What to produce:
When the line with "Canada gees, Branta" appears below, start repeating lines exactly, and keep going through the line with "Celebrate Chinese New"; add nothing outside that span.

Provided data:
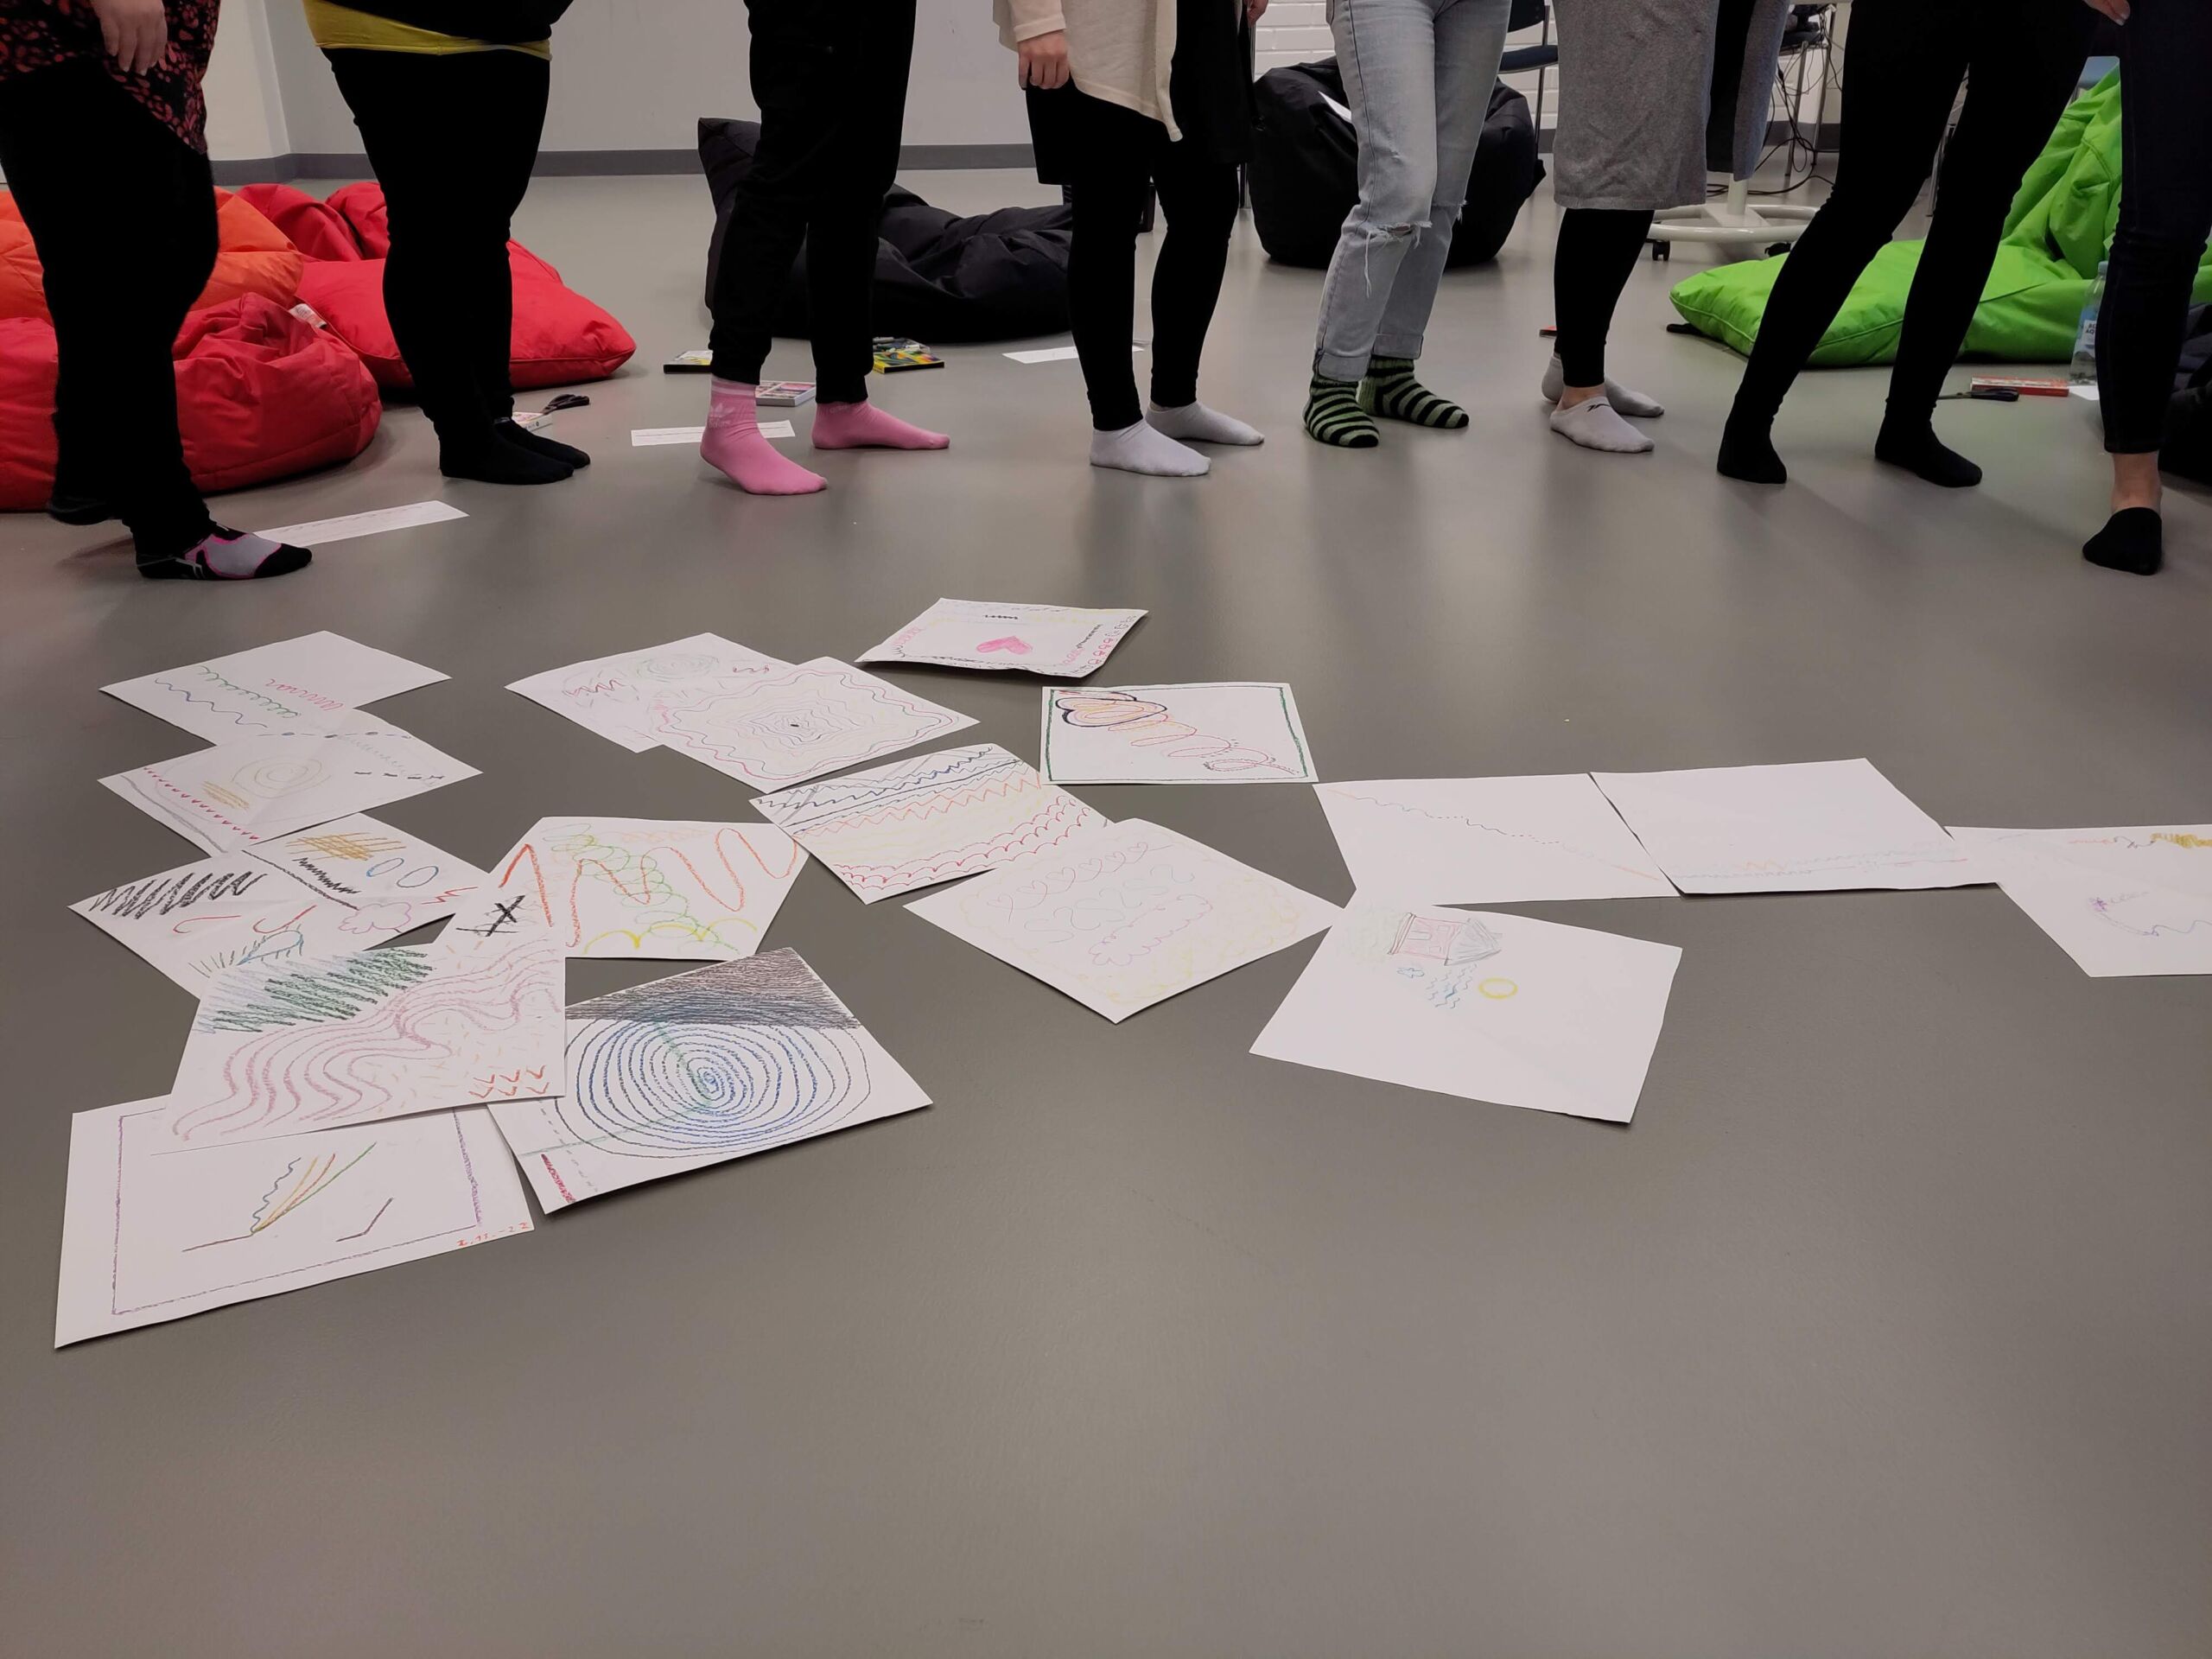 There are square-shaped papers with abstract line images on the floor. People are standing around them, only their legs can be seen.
...
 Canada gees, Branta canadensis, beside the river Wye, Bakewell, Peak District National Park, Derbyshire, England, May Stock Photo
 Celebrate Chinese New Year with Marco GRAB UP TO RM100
---
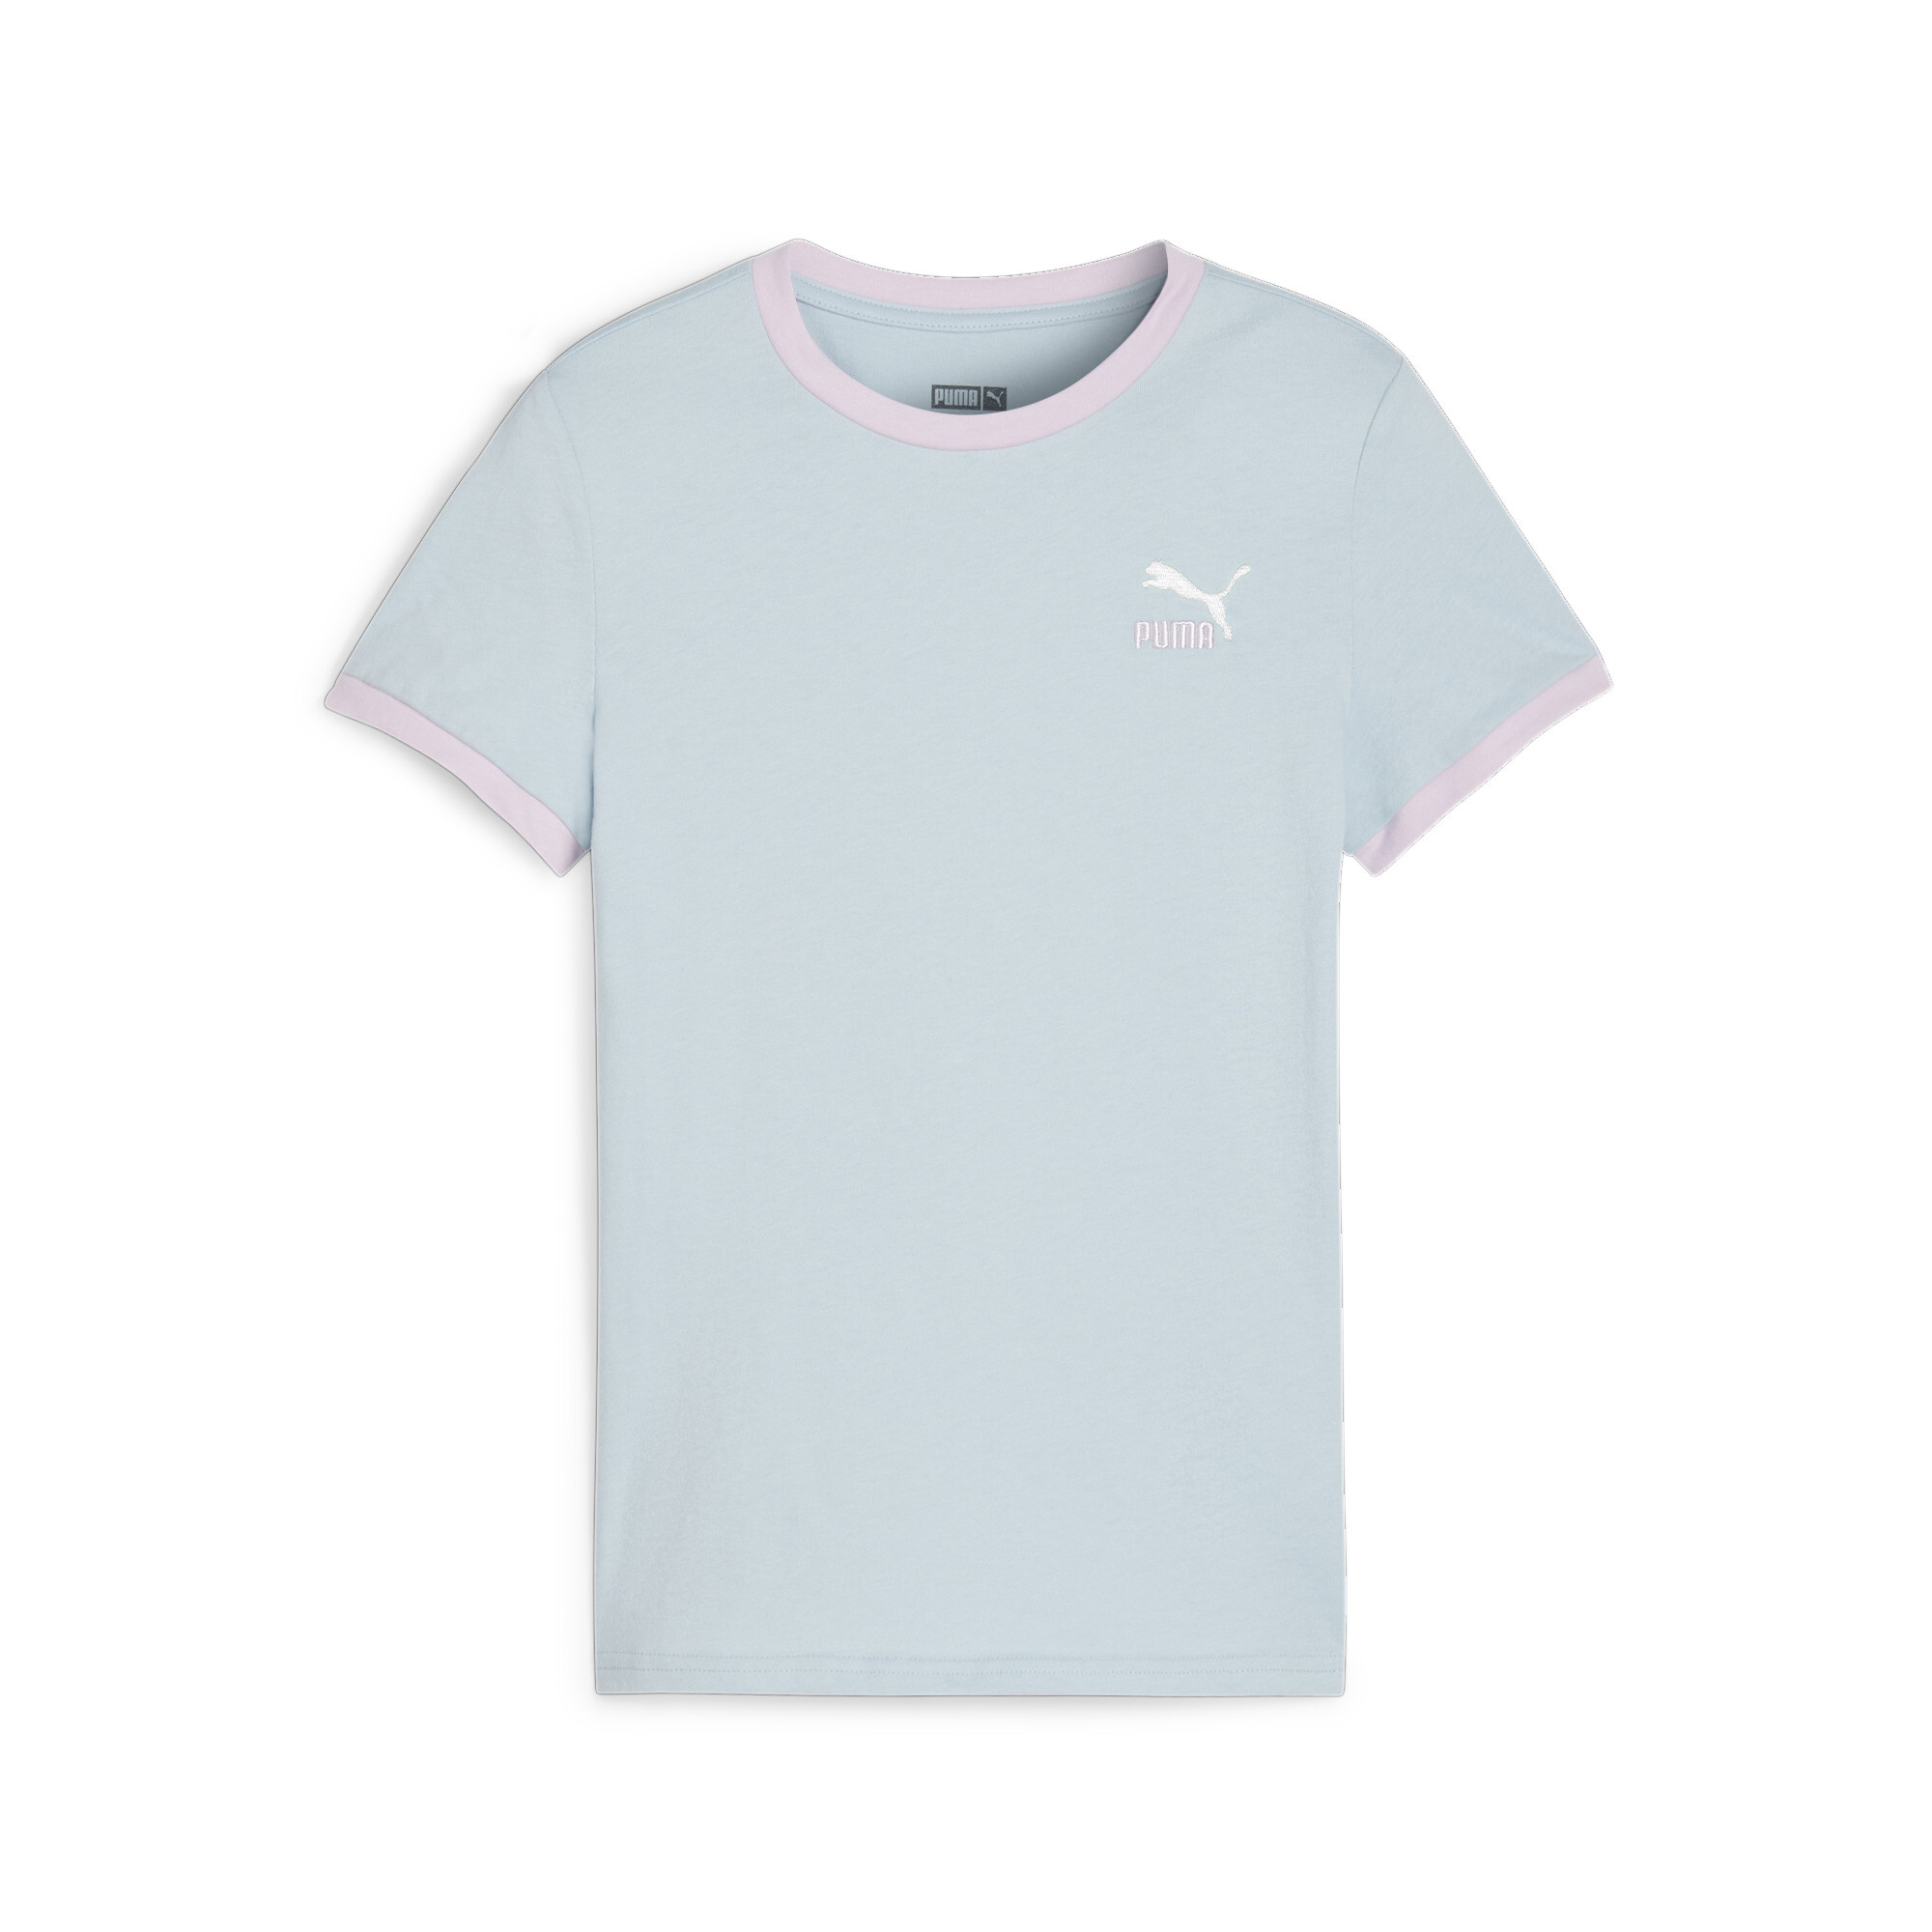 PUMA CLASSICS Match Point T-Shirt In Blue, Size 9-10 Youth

Problem solution:
 Canada gees, Branta canadensis, beside the river Wye, Bakewell, Peak District National Park, Derbyshire, England, May Stock Photo
 Celebrate Chinese New Year with Marco GRAB UP TO RM100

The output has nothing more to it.